*** The data ***
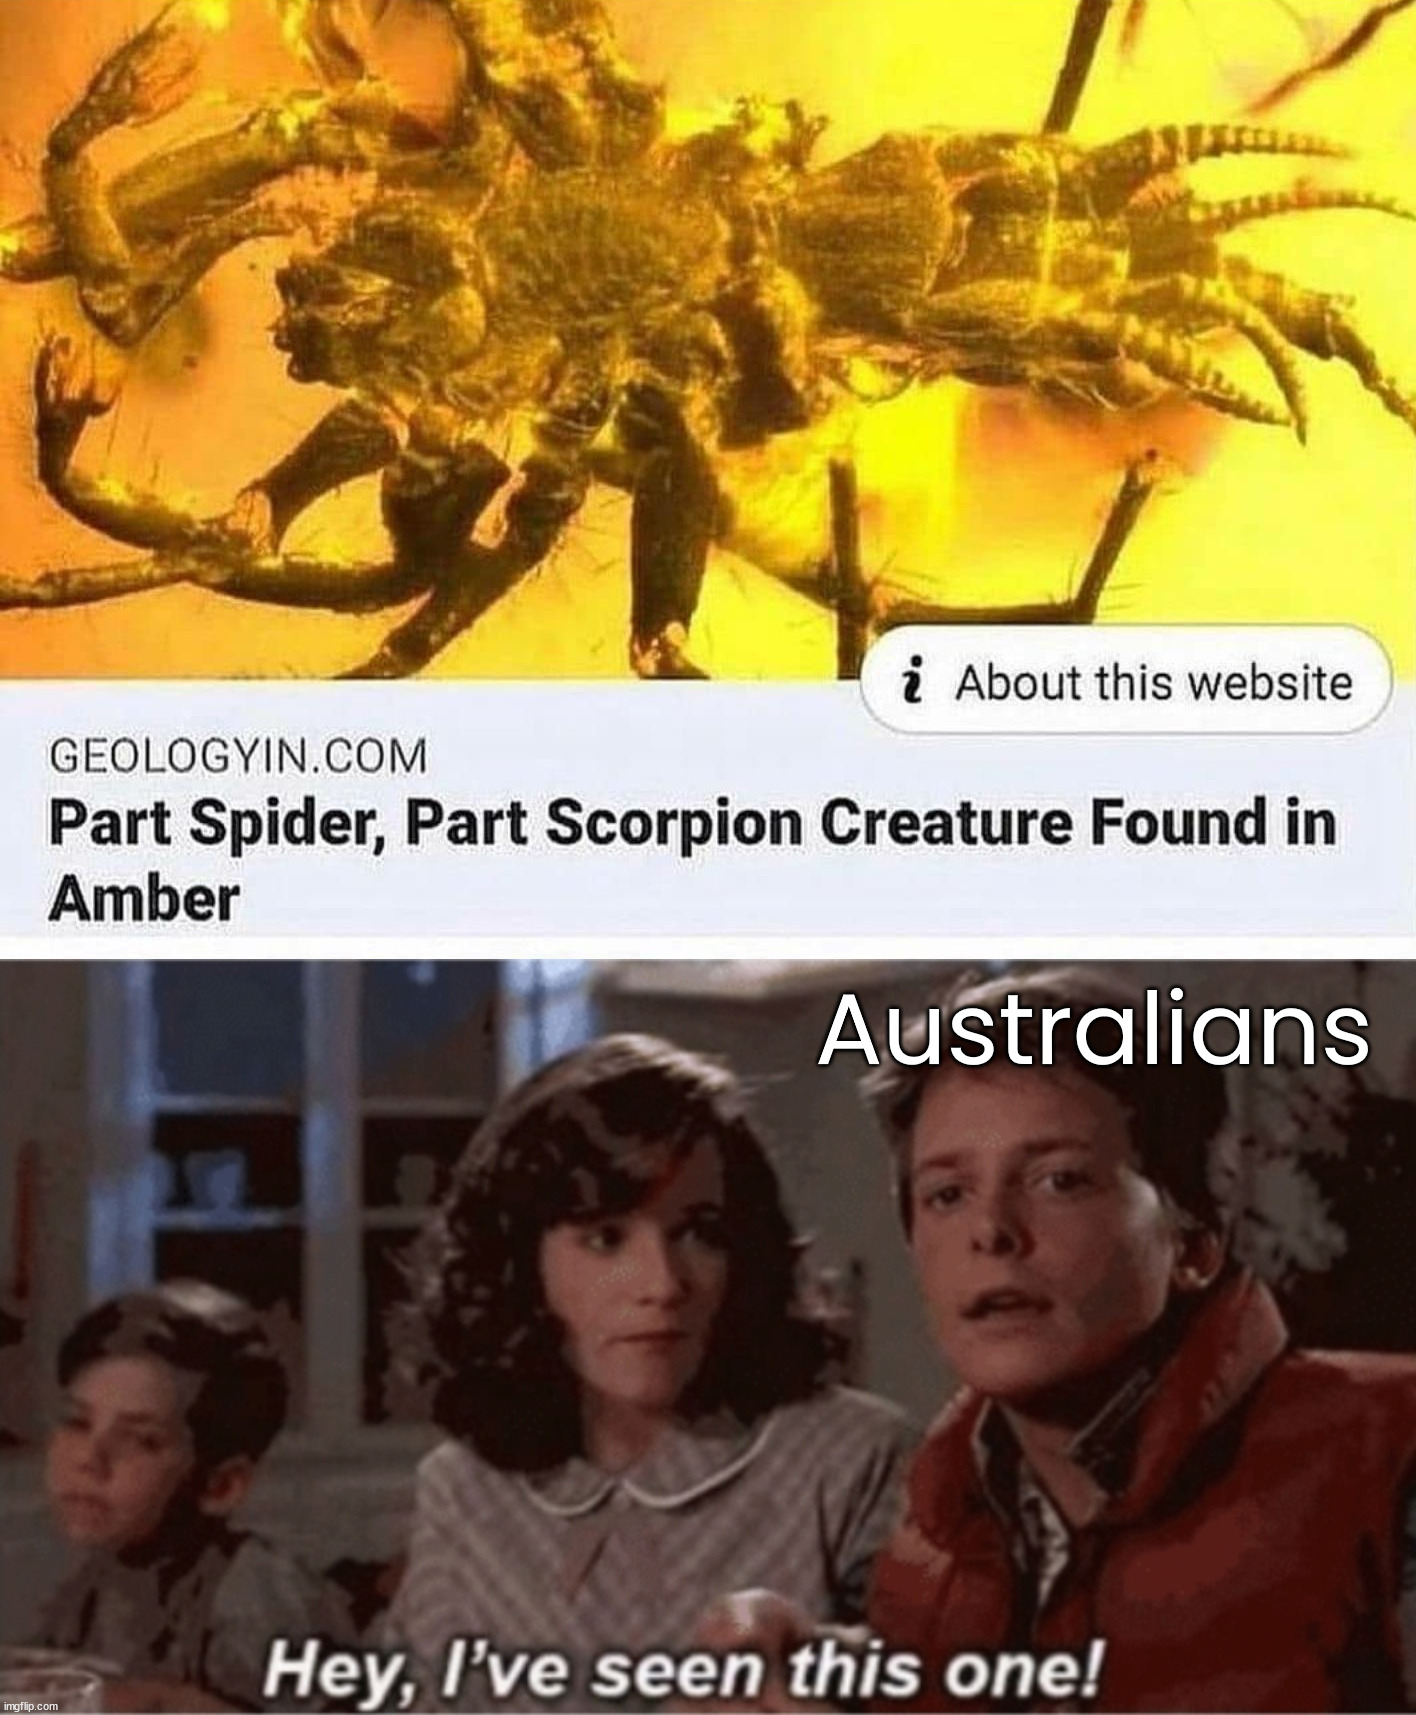 I am sure it discovered down under | Australians | image tagged in hey i've seen this one,australia,freak out,insect,spider | made w/ Imgflip meme maker
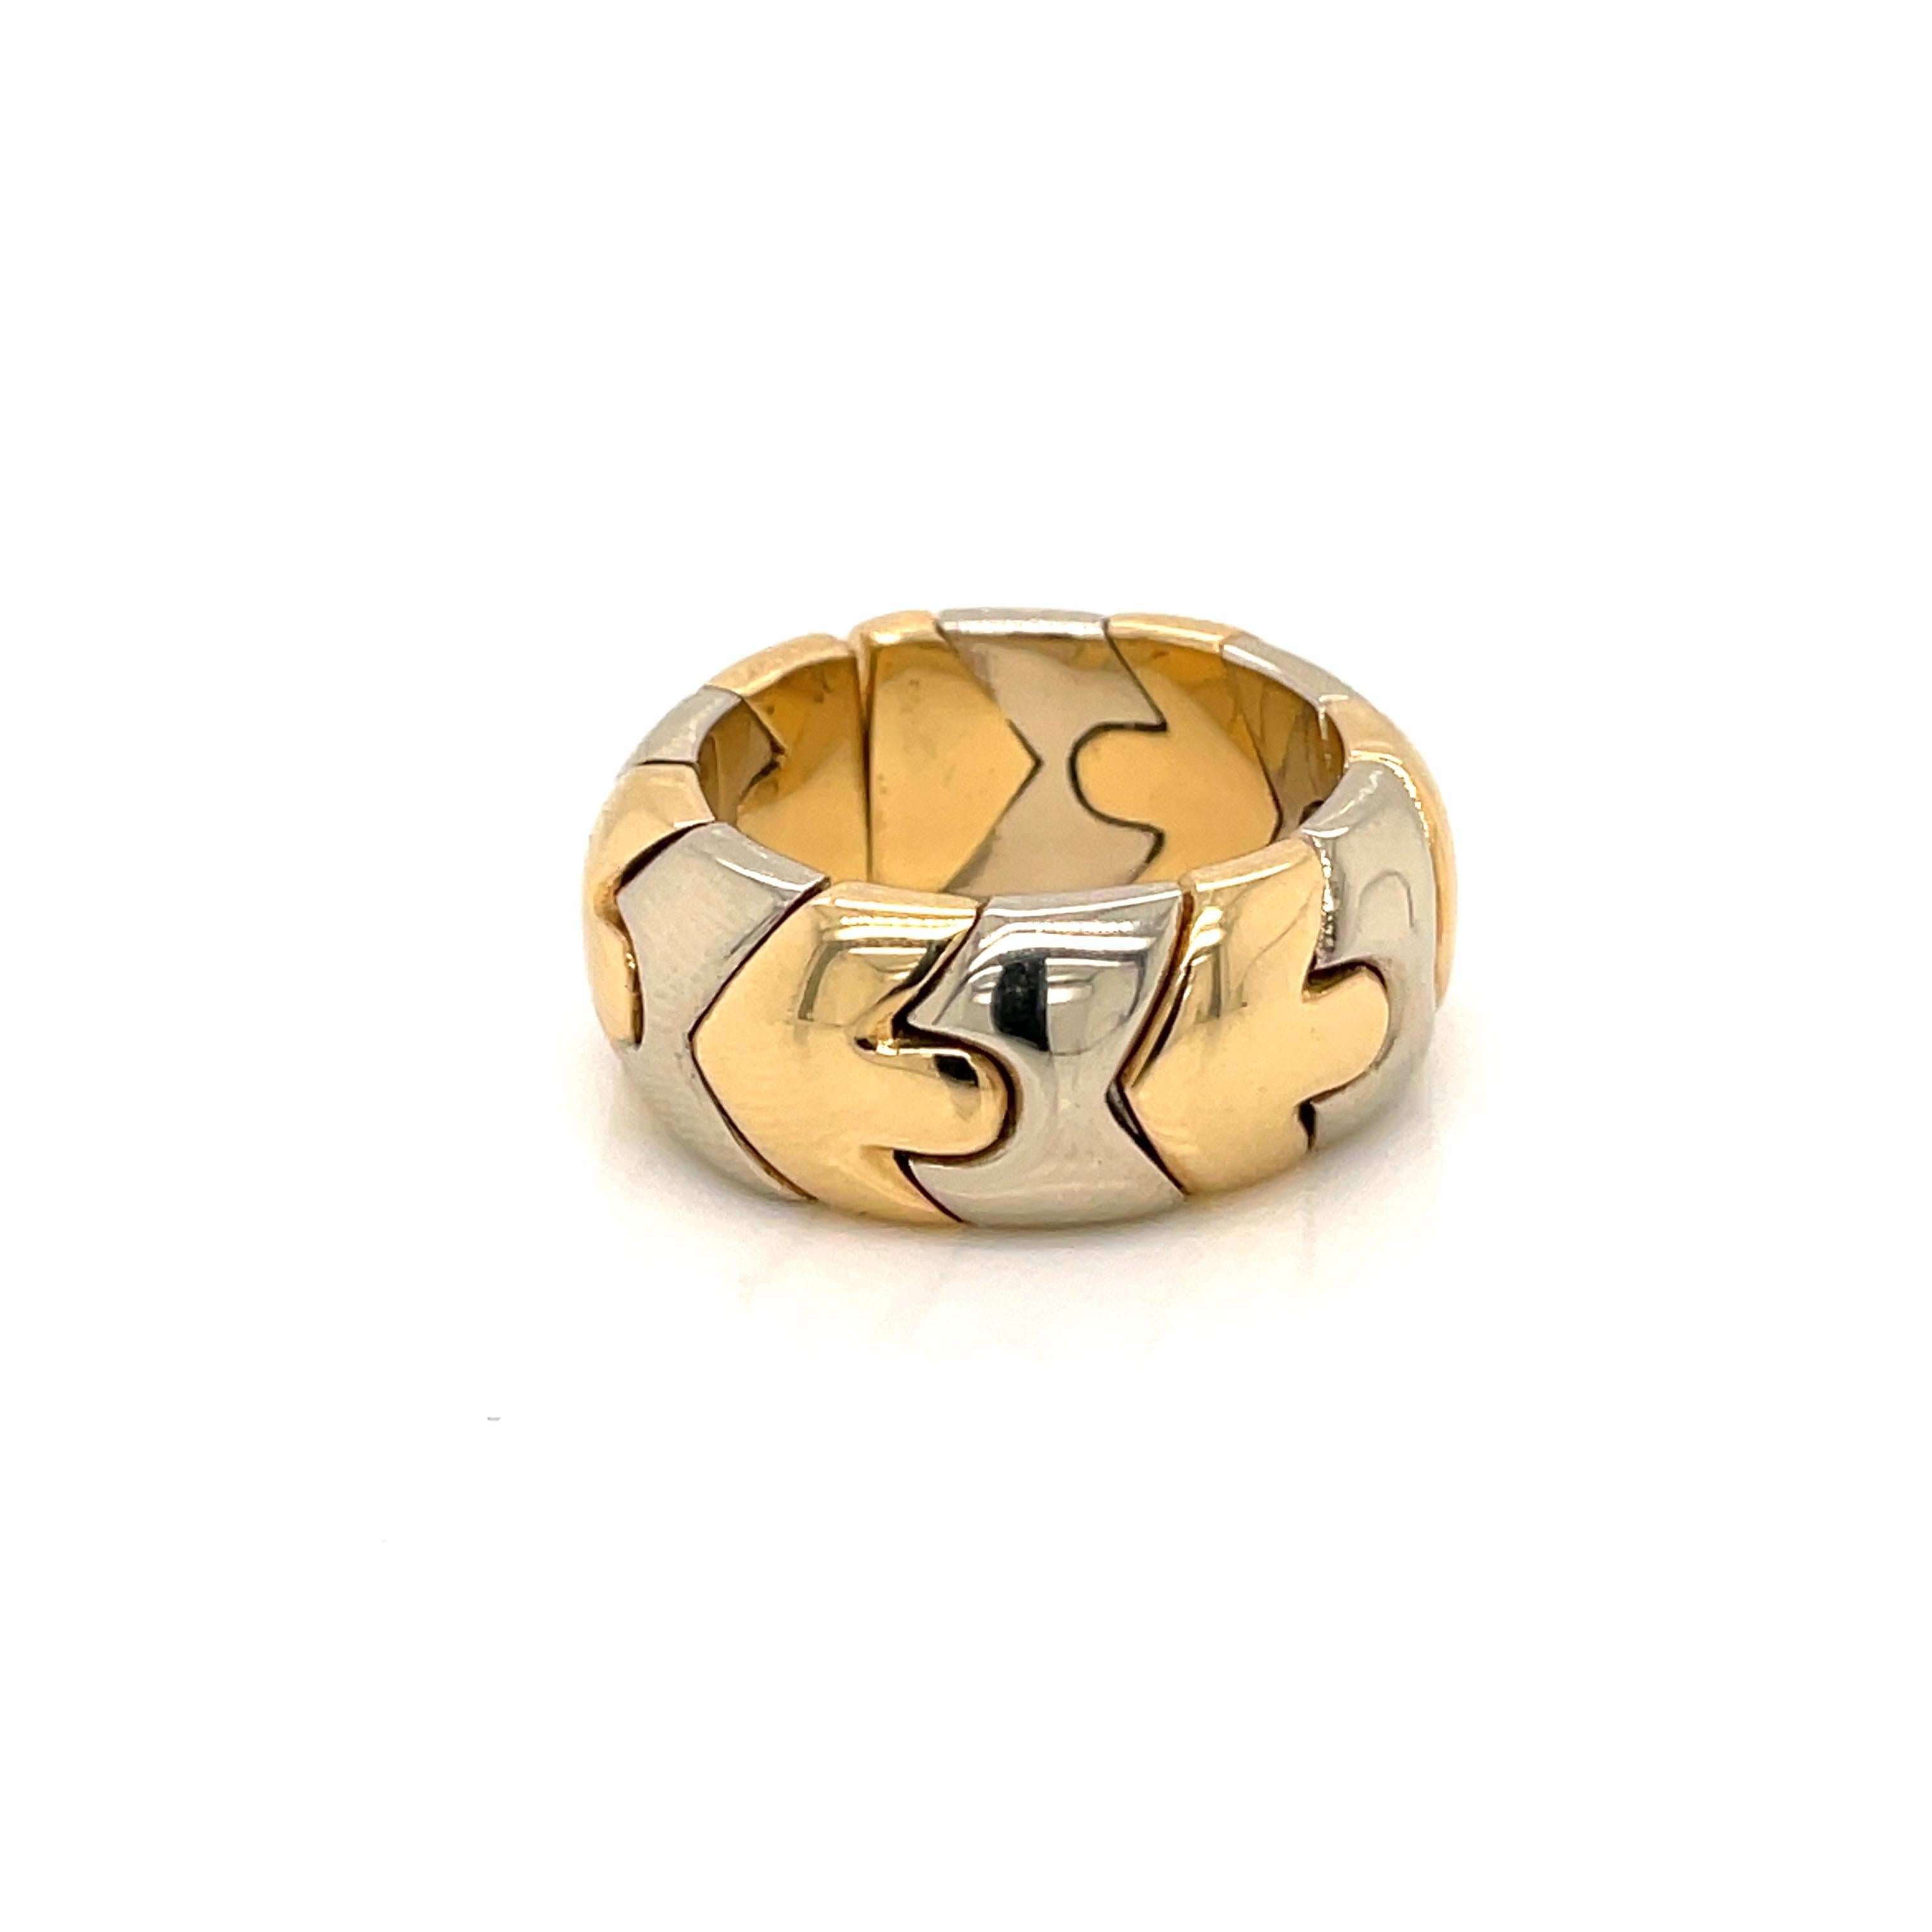 Classic Alveare ring designed by Bvlgari.

A geometric flexible Alveare ring band, crafted in Rome Italy by the house of Bulgari in two tones of solid yellow and white 18 k gold. Dated 1980'.

Has a total weight of 14,6 grams. The actual size is 6,
***
Work to complete:
Starting at the top of the listing above, reproduce each line up to and including the one with "Classic Alveare ring designed by Bvlgari."; omit the pictures.

Response to the exercise:
 I am sure it discovered down under | Australians | image tagged in hey i've seen this one,australia,freak out,insect,spider | made w/ Imgflip meme maker
 Classic Alveare ring designed by Bvlgari.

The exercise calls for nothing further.